Ad un certo punto ricordo di essere andata dalla mia dottoressa chiedendole di darmi lei un nome, una bussola, una certezza. La sua risposta fu: “In questo momento la cosa veramente difficile è cercare di stare dentro l’incertezza”. Ecco! Il risultato fu che smisi di cercare certezze: non ho più letto, guardato, ascoltato nulla sui dati, sulle storie, sulla pandemia. Oggi sono certa che la pandemia è stata qualcosa di devastante e noi a Brescia ancora ne stiamo pagando un prezzo altissimo. La narrazione di quello che sta succedendo però è ancora foriera di grosse incertezze. La faccenda del vaccino AstraZeneca ne è testimone.

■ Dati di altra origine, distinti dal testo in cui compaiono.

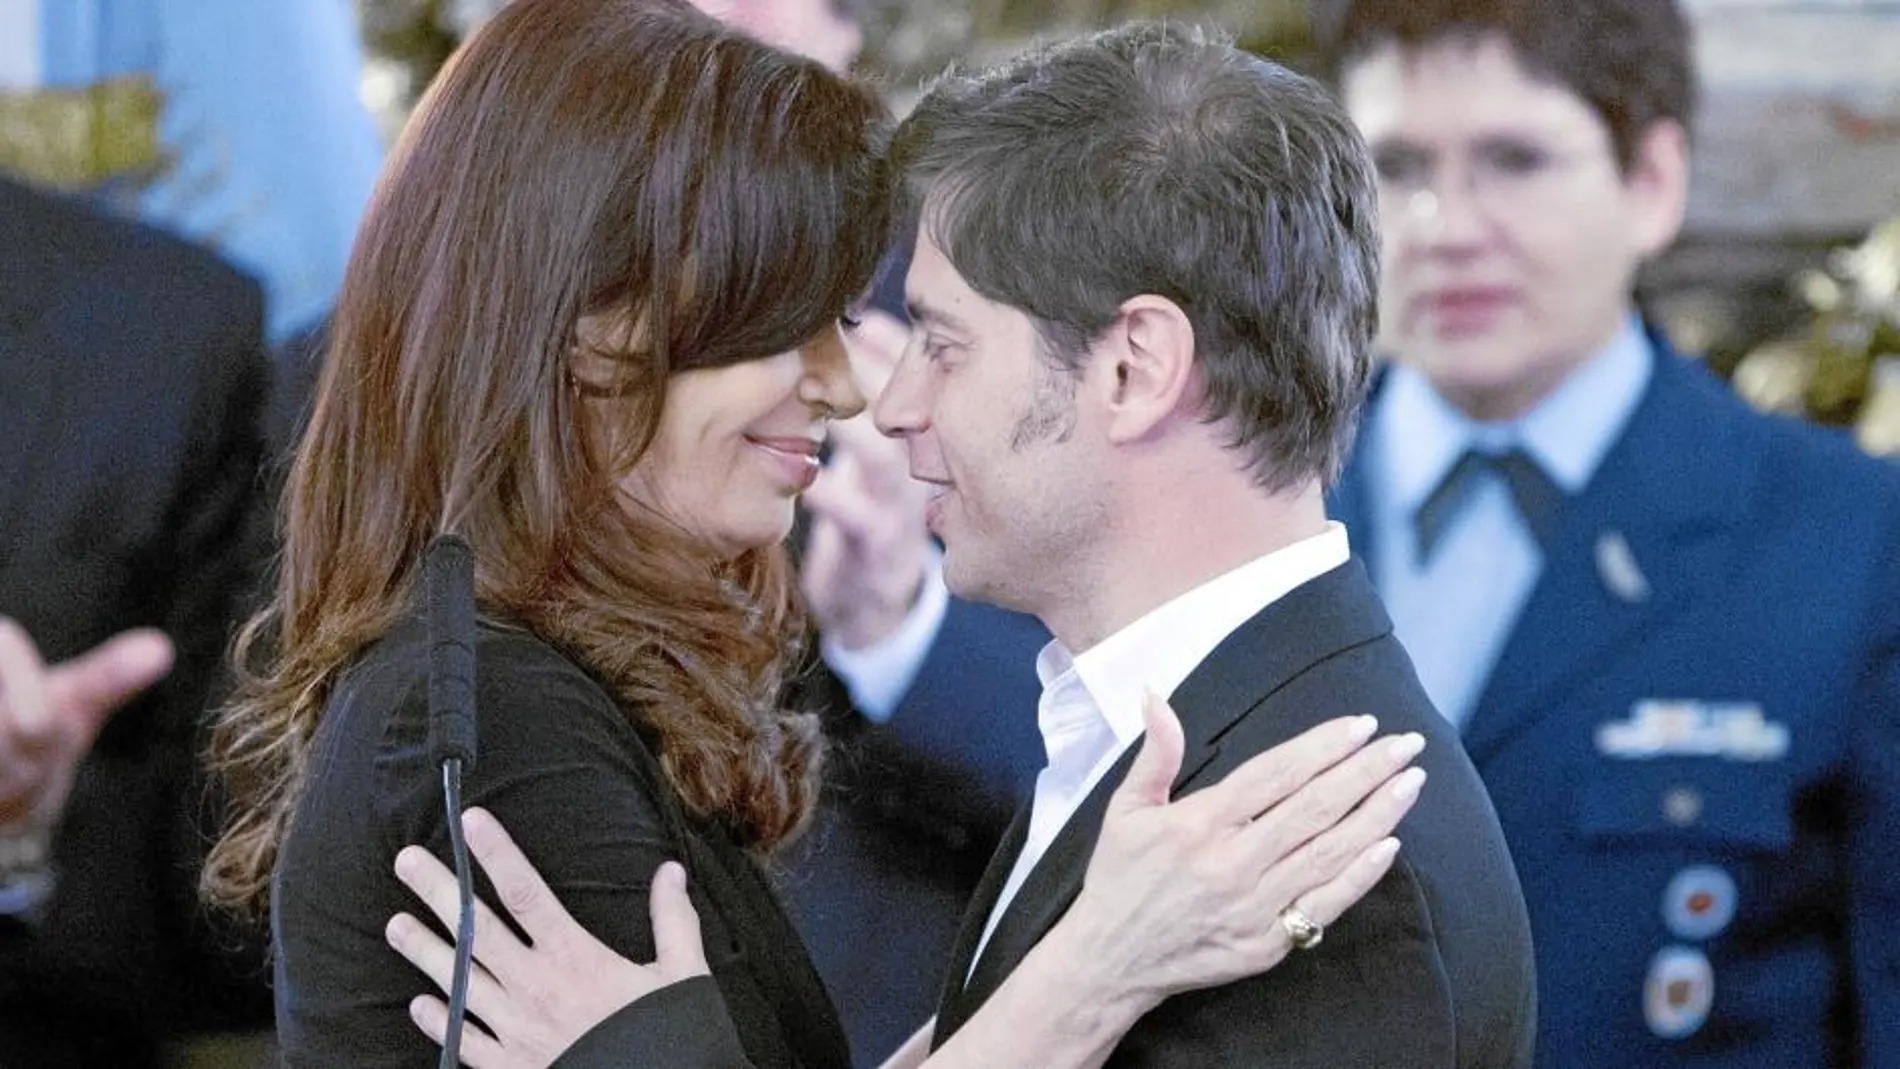 La presidenta argentina Cristina Fdez. de Kirchner abraza a Axel Kicillof en su investidura como ministro de Economía

In questi giorni leggevo cose del tipo “Se ci fosse stato internet settant’anni fa oggi ci sarebbero ancora il vaiolo e la polio”. Internet strumento apparentemente democratico ha dato voce a tutto e al contrario di tutto.

In questo momento, però, aggiunge incertezza ad incertezza: il vaccino è stato ritirato per il clamore suscitato da internet o perché vi erano dei seri dubbi? Immaginate come stanno le persone che devono assumere la seconda dose? E quelle che devono essere vaccinate in questi giorni? I no vax crogiolano, con le loro certezze rispetto al male assoluto costituito dai vaccini. I vax sono incazzati neri perché in un momento così delicato questa notizia ha dato una brusca frenata alla campagna vaccinale. Altri ci fanno notare che AstraZeneca, colosso anglo-svedese, sia stato silurato da quelli di Pfizer, colosso americano e tedesco. E in mezzo ci stiamo noi, mediamente colti alla ricerca della verità perduta.

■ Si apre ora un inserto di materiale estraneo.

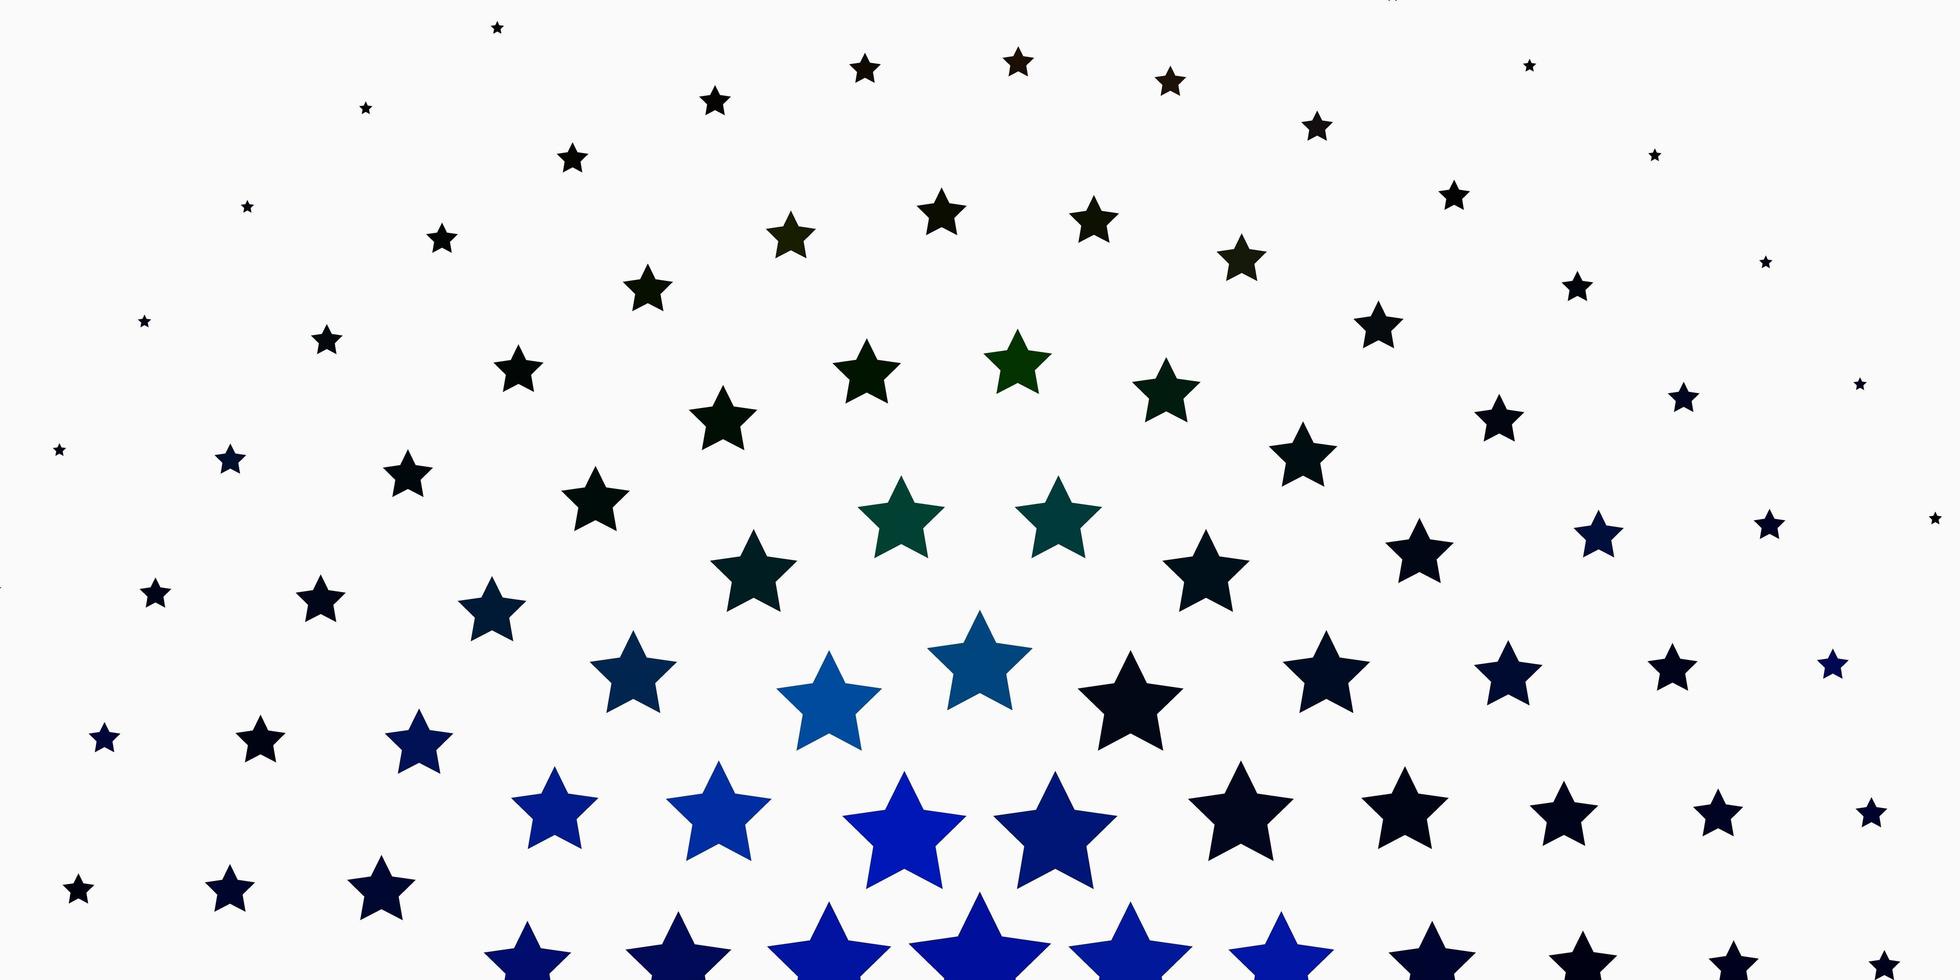 sfondo vettoriale multicolore chiaro con stelle piccole e grandi.

Gli storici ci insegnano che un fatto per essere analizzato da un punto di vista storico ha bisogno di un lasso di tempo sufficientemente lungo. Quando ero all’ultimo anno di liceo era il 1994, sul mio libro di storia al termine di un paragrafo sulla mafia vi era la seguente notizia: nel 1992 i giudici Falcone e Borsellino furono uccisi in seguito all’istituzione del maxi processo che aveva portato in galera centinaia di mafiosi. Io, allora, avevo molte certezze, ero giovane e idealista. Avevo il mio partito di riferimento, avevo pure un leader politico che adoravo, oggi potrei quasi dire “idolatravo”. Andai dal mio prof di storia e filosofia e gli dissi: “Prof, questo libro è un libro filogovernativo: perché non scrive che è stato Andreotti il mandante dell’omicidio di Borsellino e Falcone?”, “Hai 18 anni ed è giusto che tu abbia le tue certezze. La storia ha bisogno di tempo e di studio per averne e a volte non basta neanche quello”. Oggi non abbiamo tempo per capire: bisogna agire con tempestività in una situazione che sembra incomprensibile e sfuggente. E internet non ci aiuta. E allora penso a noi uomini del 1918 in piena pandemia dell’influenza spagnola. Non c’era internet, non c’era la tv. Ci si affidava a quel poco di scienza, al tanto buon senso. Alle preghiere, probabilmente. Ci si affidava, comunque. Affidarsi significa dare in custodia, consegnare all’altrui capacità, cura o discrezione (vocabolario Treccani). Oggi nascondiamo dietro la pretesa di verità, certezze e comprensione la nostra incapacità o forse paura di affidarci. Con la mania di avere sempre tutto sotto controllo, noi non ci affidiamo più a nessuno: internet è diventata la risposta ai nostri dubbi. Risposta però che genera solo tante, tante incertezze.